▶ _DATA_

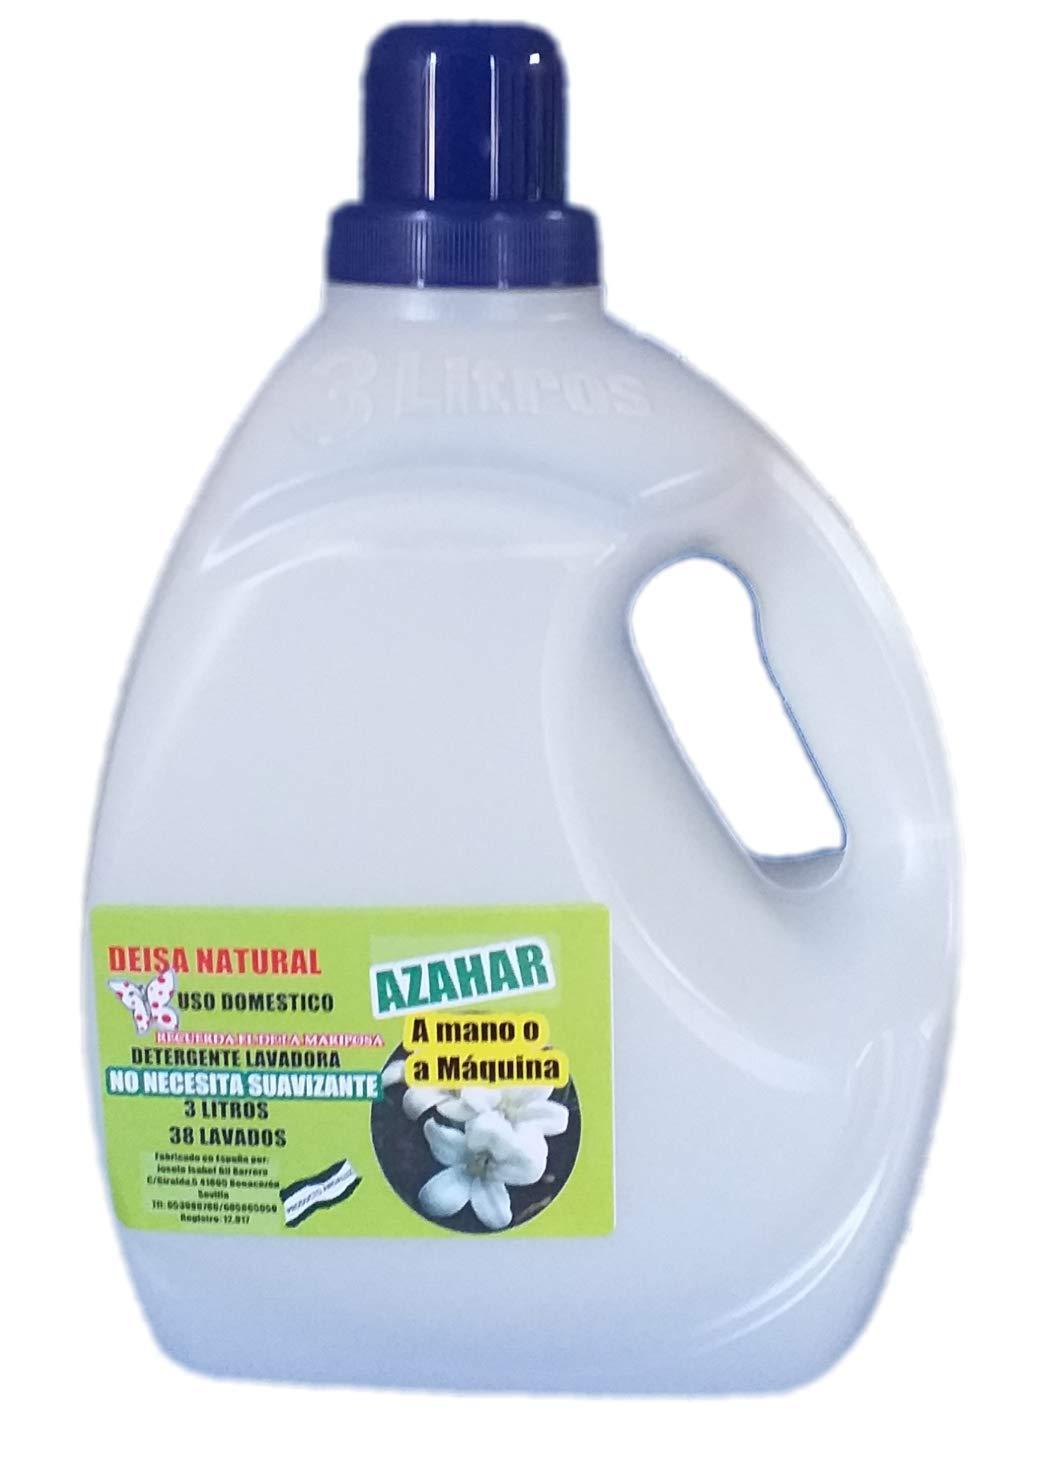 DEISA NATURAL DETERGENTE Natural Lavadora AZAHAR 3 litros. 38 ...
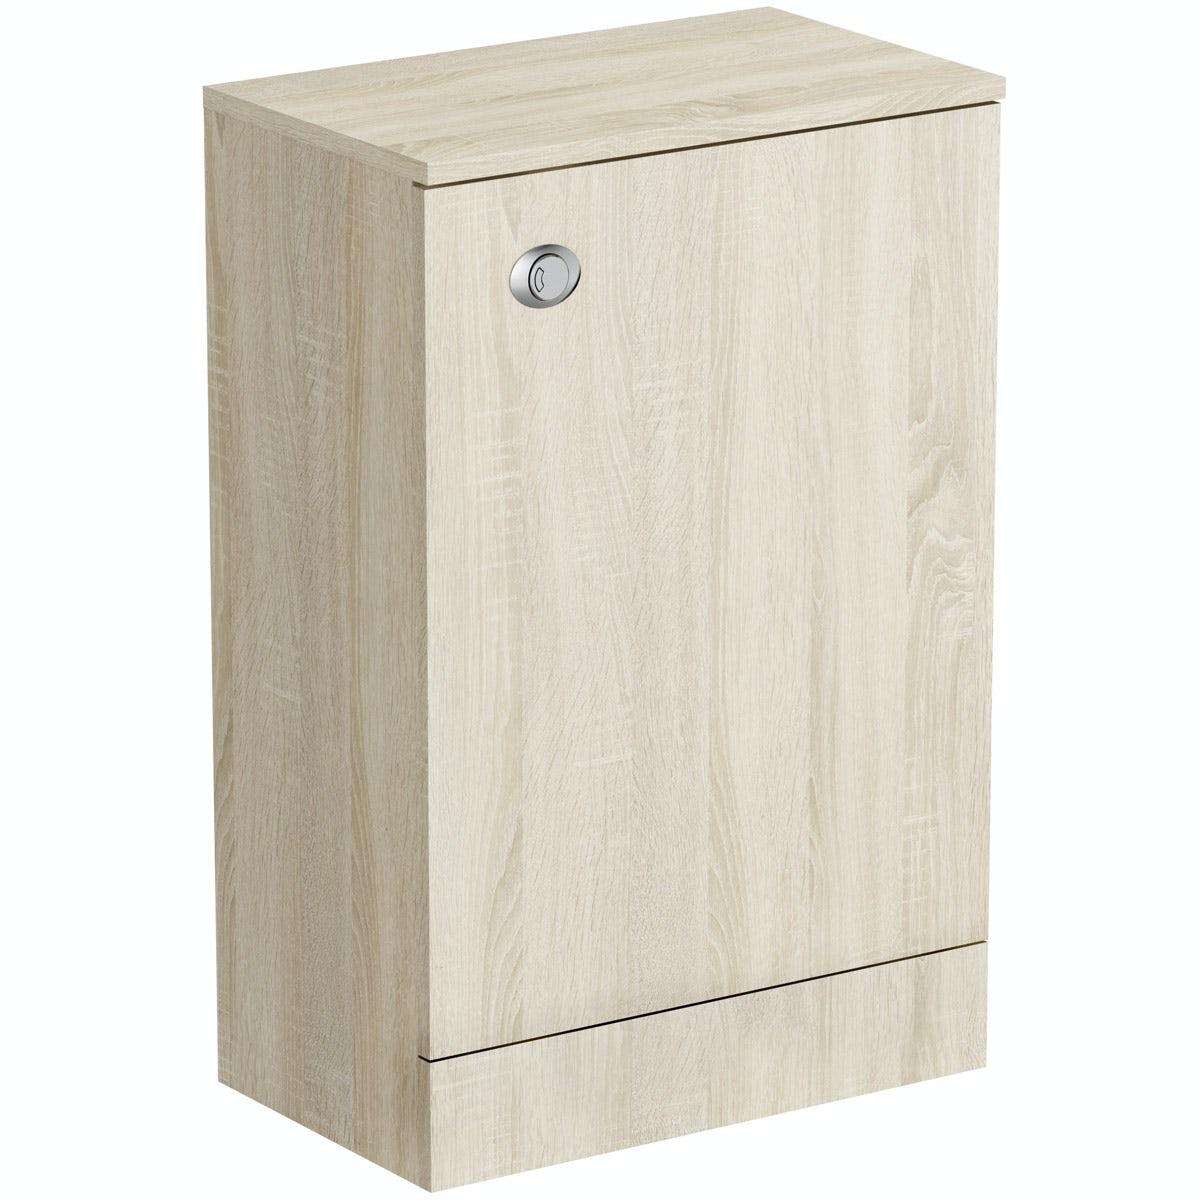 Orchard Wye oak back to wall toilet unit
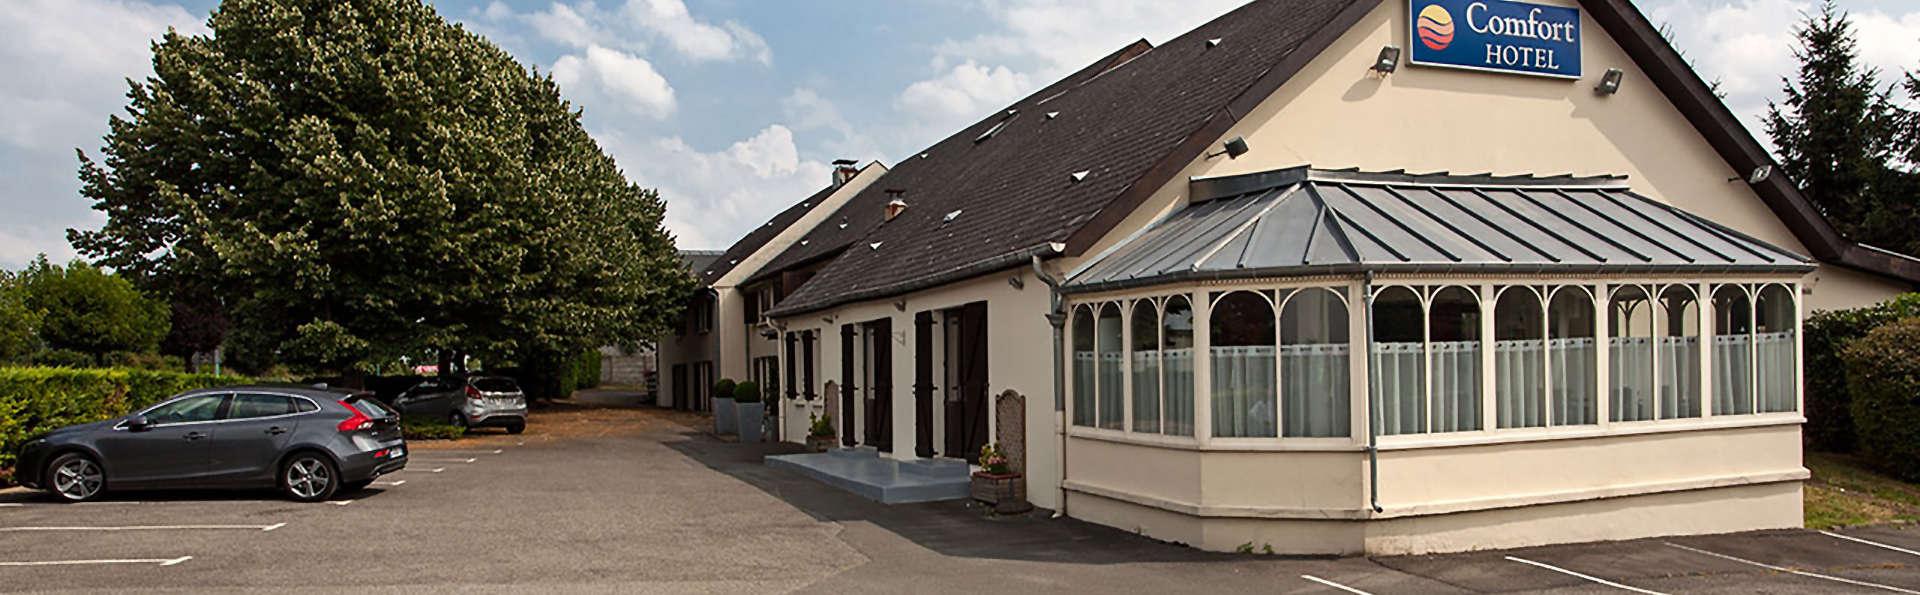 Comfort Hôtel Orly Morangis - Edit_Front.jpg
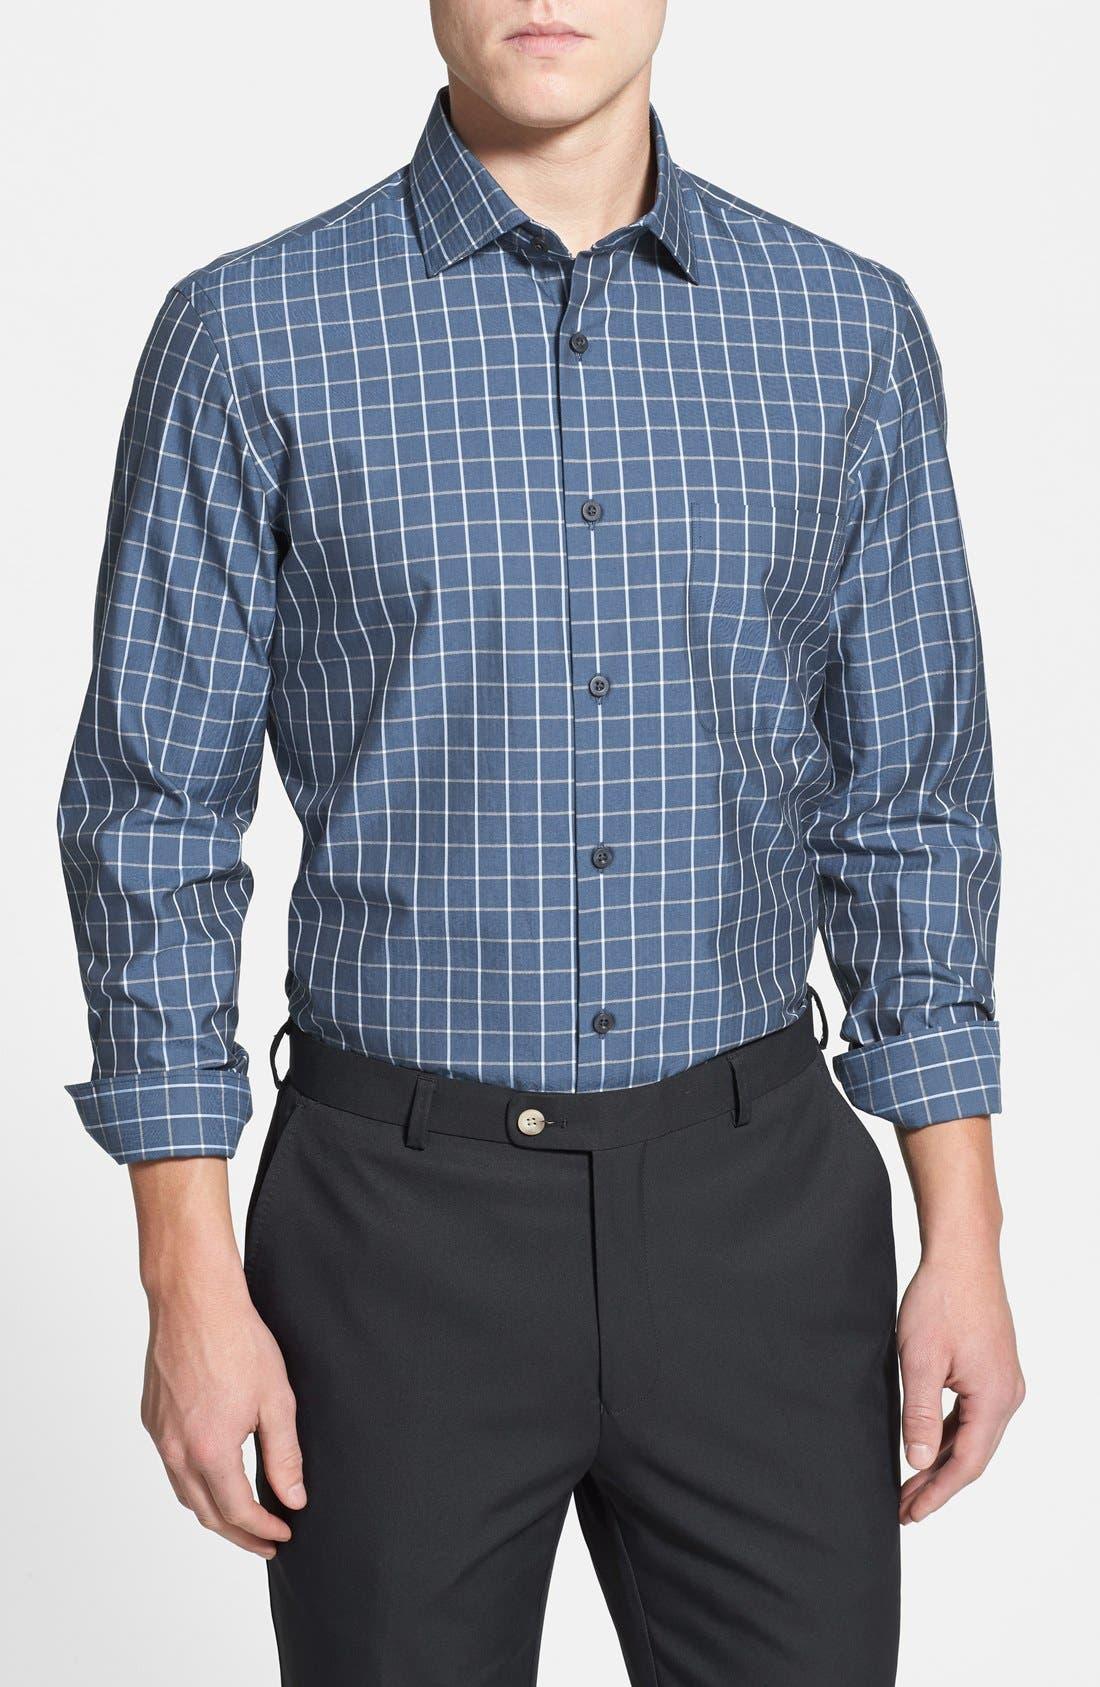 Alternate Image 1 Selected - John W. Nordstrom® Regular Fit Supima® Cotton Sport Shirt

▶ _REQUIREMENT_
Nothing but an exact copy of the data above, minus its pictures, should appear in the response.

▶ _RESULT OF THIS EXERCISE_
 DEISA NATURAL DETERGENTE Natural Lavadora AZAHAR 3 litros. 38 ...
 Orchard Wye oak back to wall toilet unit
 Comfort Hôtel Orly Morangis - Edit_Front.jpg
 Alternate Image 1 Selected - John W. Nordstrom® Regular Fit Supima® Cotton Sport Shirt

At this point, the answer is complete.